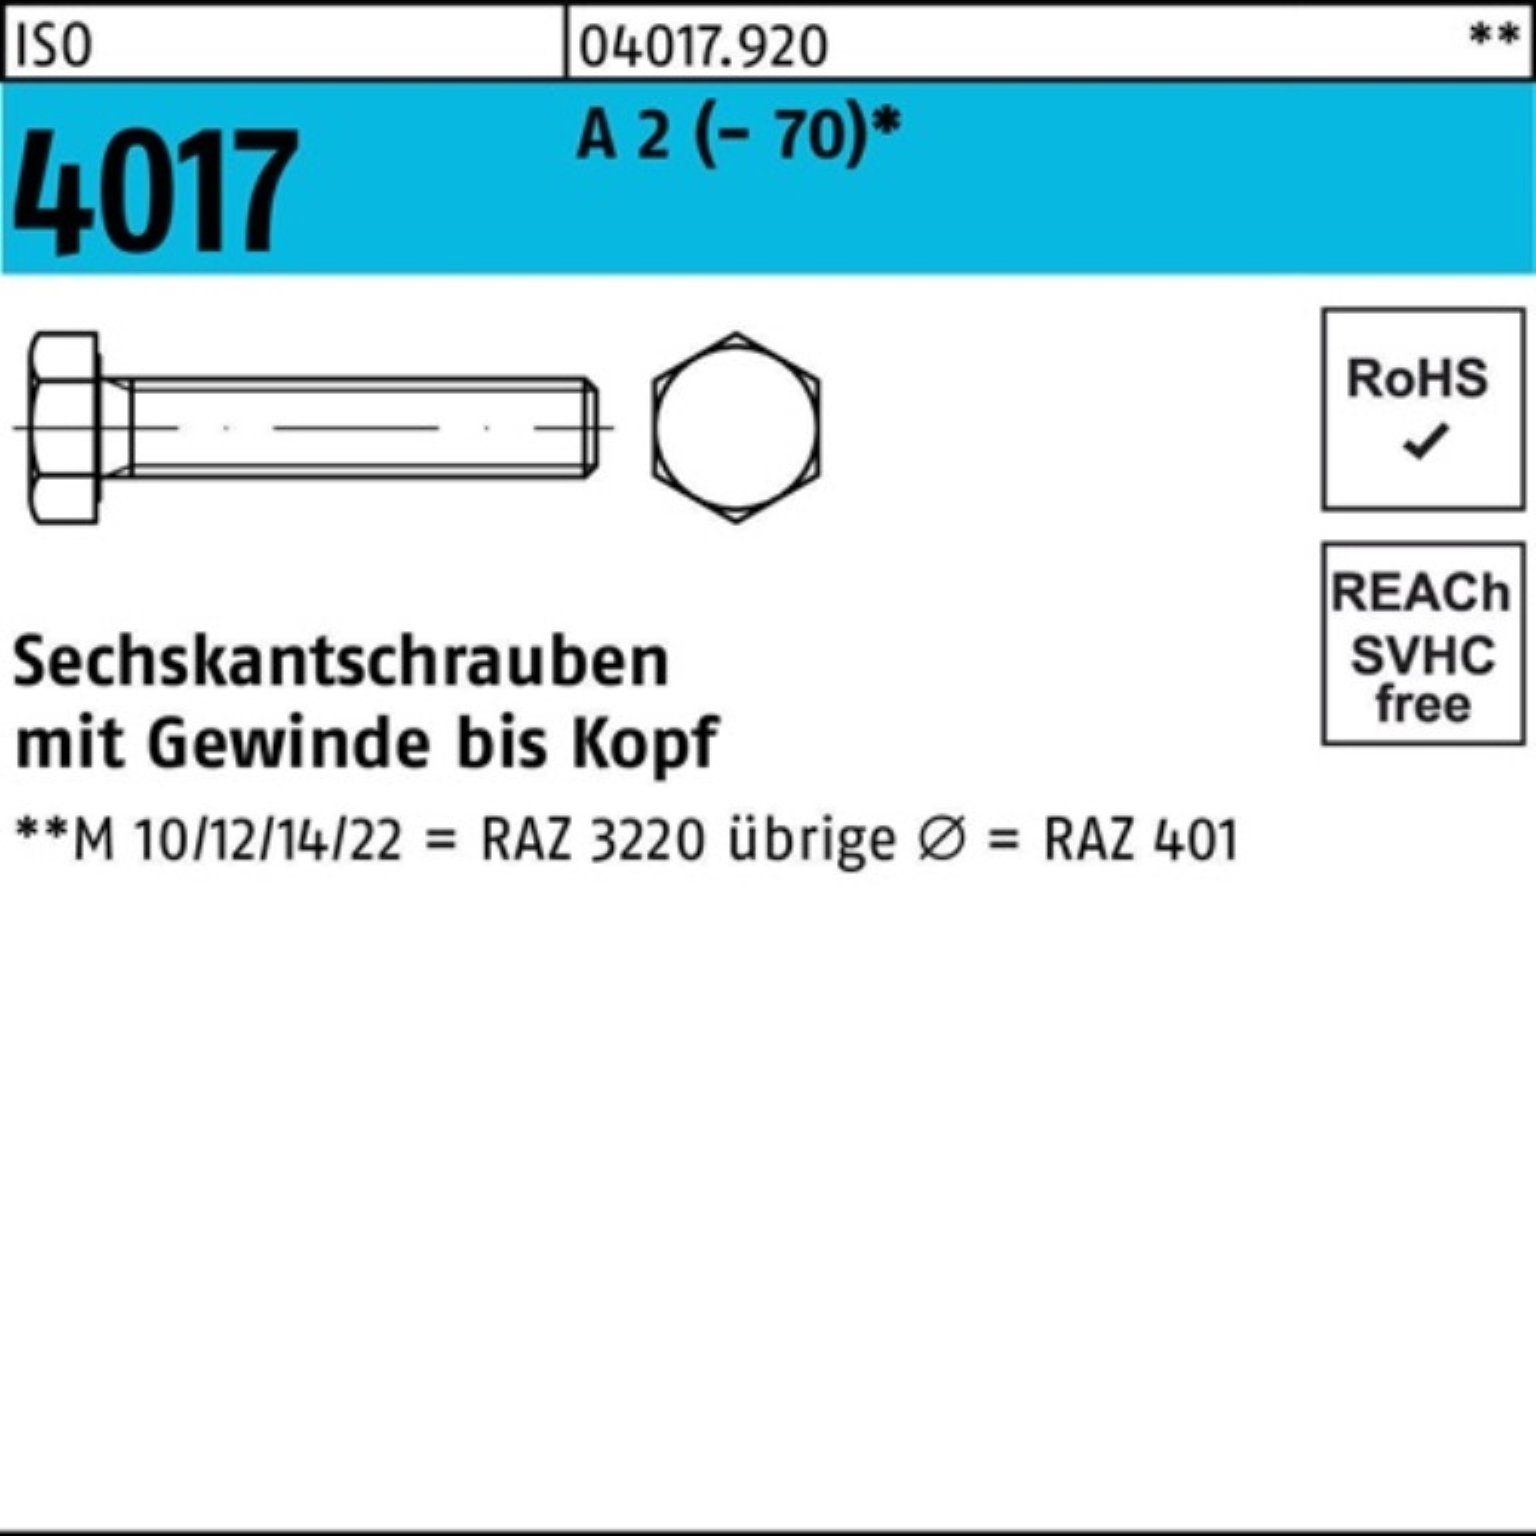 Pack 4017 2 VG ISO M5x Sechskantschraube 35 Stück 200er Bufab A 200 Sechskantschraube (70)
---
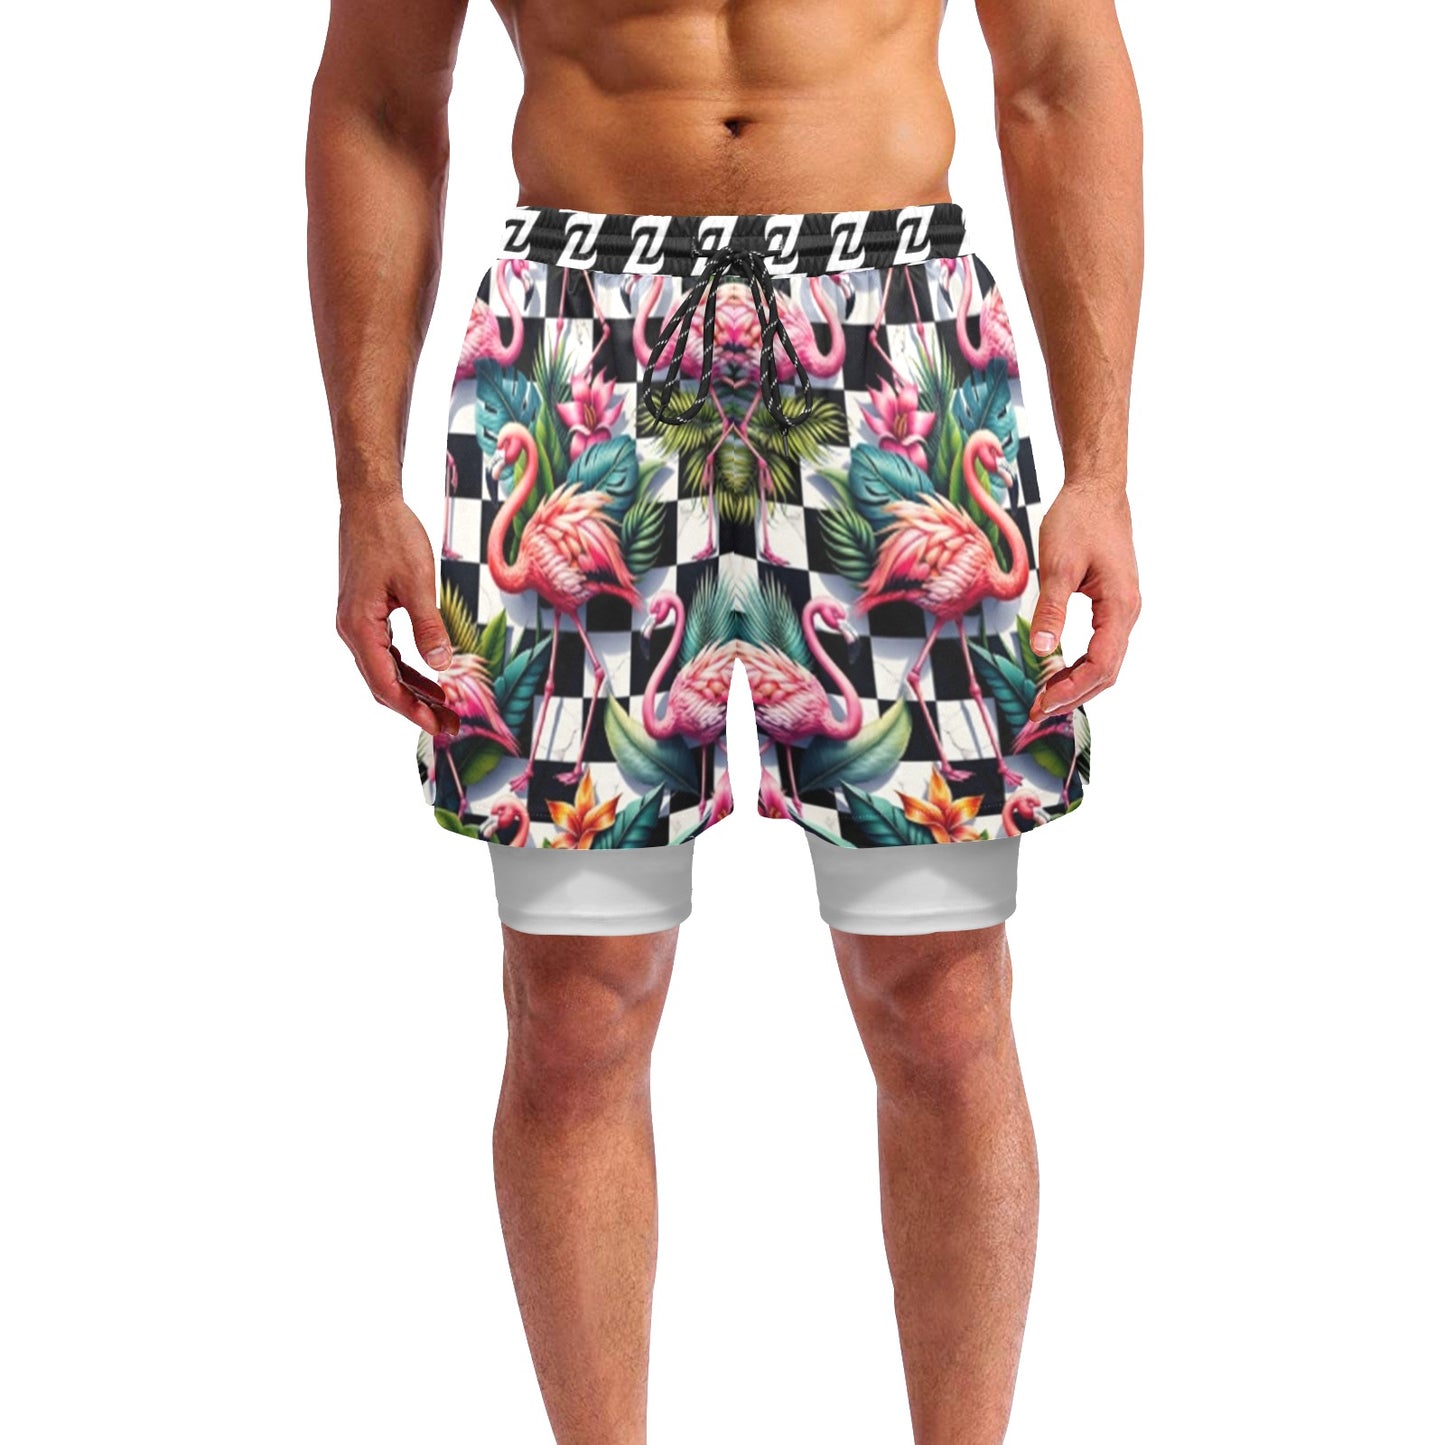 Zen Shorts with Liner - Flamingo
* * *
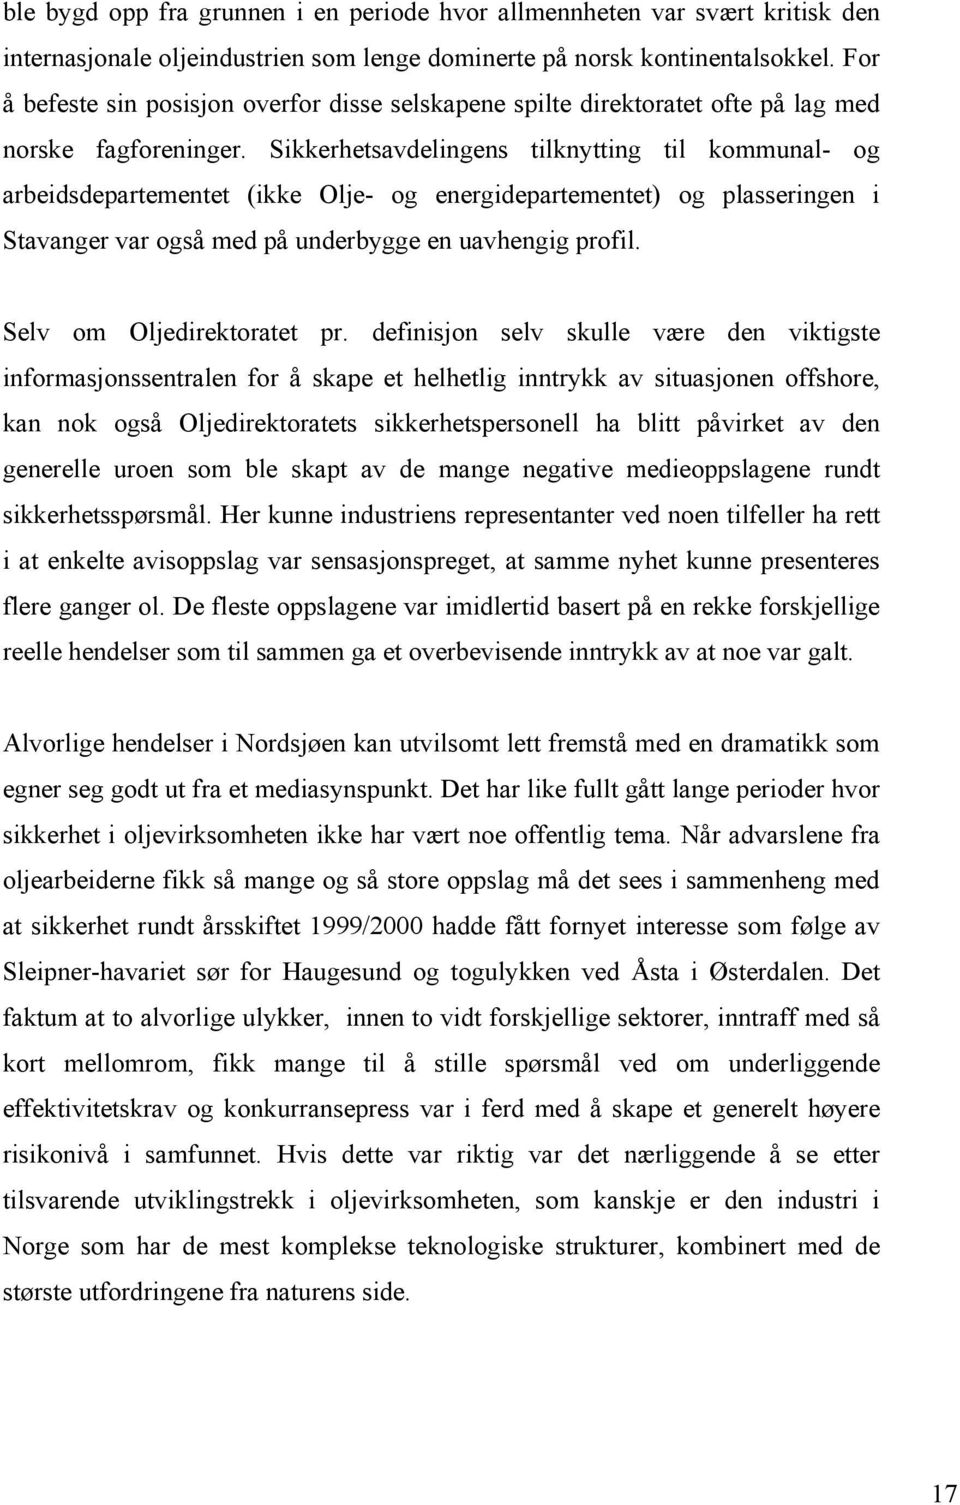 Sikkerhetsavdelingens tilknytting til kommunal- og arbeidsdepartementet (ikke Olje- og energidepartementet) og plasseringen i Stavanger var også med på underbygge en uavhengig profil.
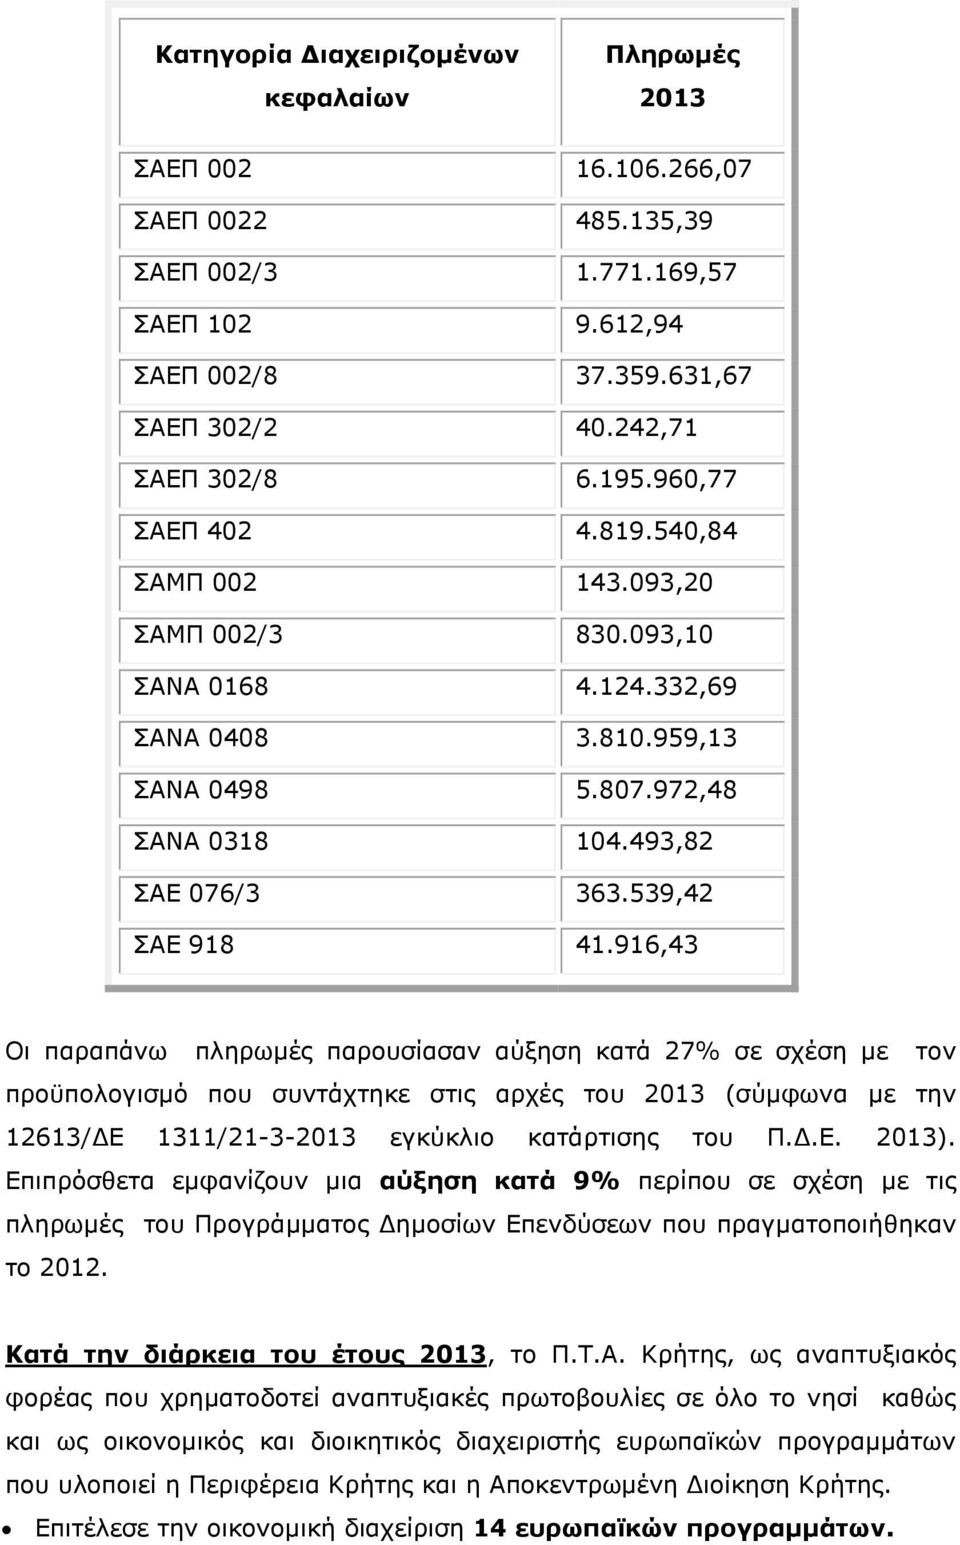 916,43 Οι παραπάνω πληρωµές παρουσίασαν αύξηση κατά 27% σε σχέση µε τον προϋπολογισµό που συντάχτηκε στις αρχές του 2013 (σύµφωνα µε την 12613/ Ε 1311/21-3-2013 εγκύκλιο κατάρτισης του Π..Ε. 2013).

The problem: Pictures in the entries do not go into the copy. Print only the lines starting at the one containing "Sikkerhetsavdelingens tilknytting til" and ending at the one containing "916,43 Οι παραπάνω", exactly as they appear.

Answer:
 Sikkerhetsavdelingens tilknytting til kommunal- og arbeidsdepartementet (ikke Olje- og energidepartementet) og plasseringen i Stavanger var også med på underbygge en uavhengig profil.
 916,43 Οι παραπάνω πληρωµές παρουσίασαν αύξηση κατά 27% σε σχέση µε τον προϋπολογισµό που συντάχτηκε στις αρχές του 2013 (σύµφωνα µε την 12613/ Ε 1311/21-3-2013 εγκύκλιο κατάρτισης του Π..Ε. 2013).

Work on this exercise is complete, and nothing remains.